In what seemed like an endless drizzly, damp Spring I had forgotten how wonderful a London summer can be! But this weekend was the perfect reminder.
After eating lunch al fresco at my favourite Italian restaurant in Notting Hill, my boyfriend and I wandered up to Kensington Gardens and had an ice-cream and read our books, lying on the grass. When the sun started to sink a little in the sky we headed to the Serpentine Gallery for a quick look at the Wolfgang Tillmans photographs currently on show. I think photography, and arty photography at that, has become so democratised, that the bar is now so much higher for professional photographers- we’re so much less easily impressed, we expect so much more… and I have to admit that on the whole I wasn’t that excited by his work.
The exception was this beautiful, aqueous abstract print, which stretched in a dream-like expanse across one of the gallery walls:
However, the real highlight of my day was yet to come! Since the tradition began in 2000, every year a pavilion designed by the likes of Zaha Hadid and Frank Gehry has seemingly magically appeared in front of the Serpentine Gallery.

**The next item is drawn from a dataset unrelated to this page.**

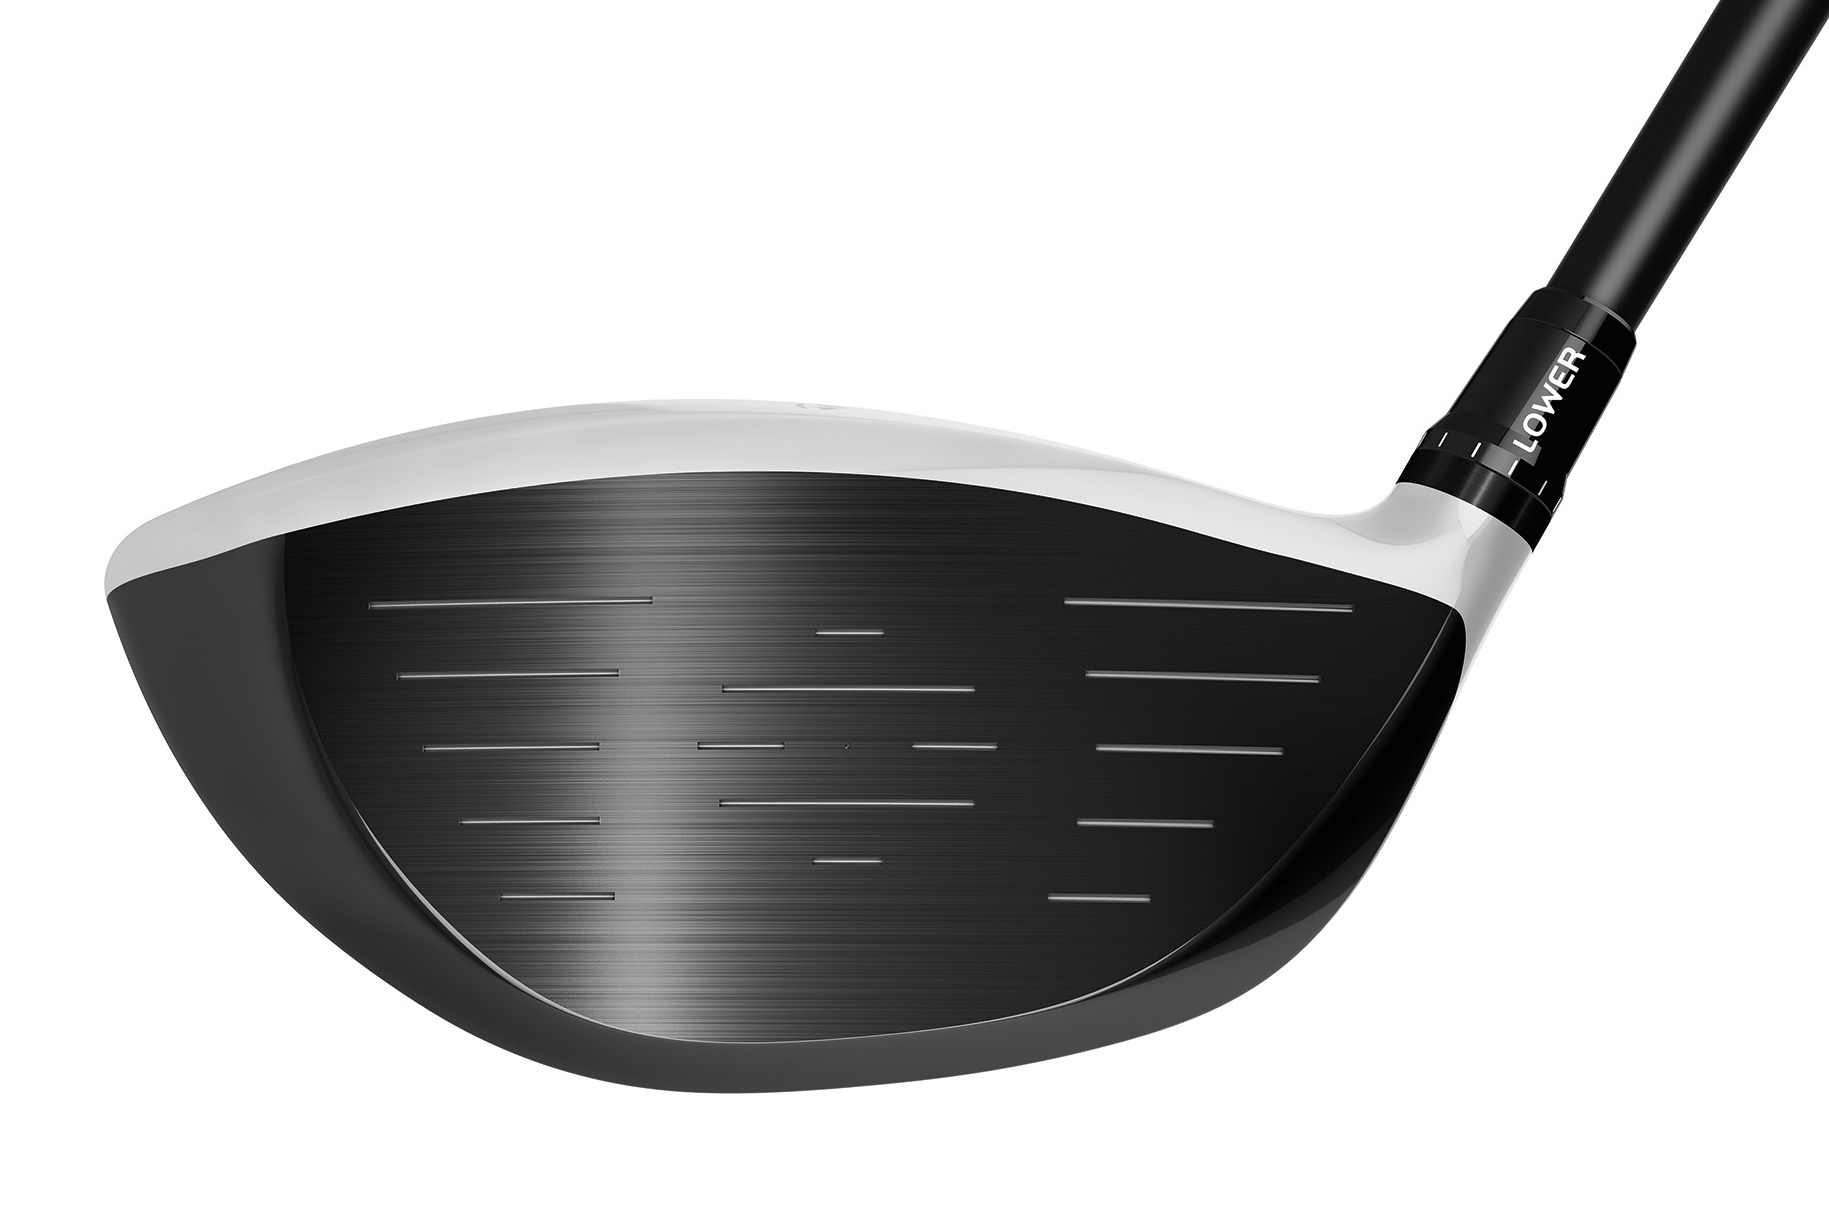 TaylorMade launches new M1 metalwoods for 2017

This year the pavilion has been designed by the French architect Jean Nouvel and we have all been teased with computer generated images like this:
But when I walked past yesterday I was delighted to watch the nuts and bolts of its physical construction underway. I suppose that’s partly what I find so compelling about architecture- the combination of dreamy artistic vision and the matter of fact engineering of the physical structure itself. Watching the pavilion being put together was strangely entrancing. This year I will look at it in a new way…
The pavilion opens on the 10th of July.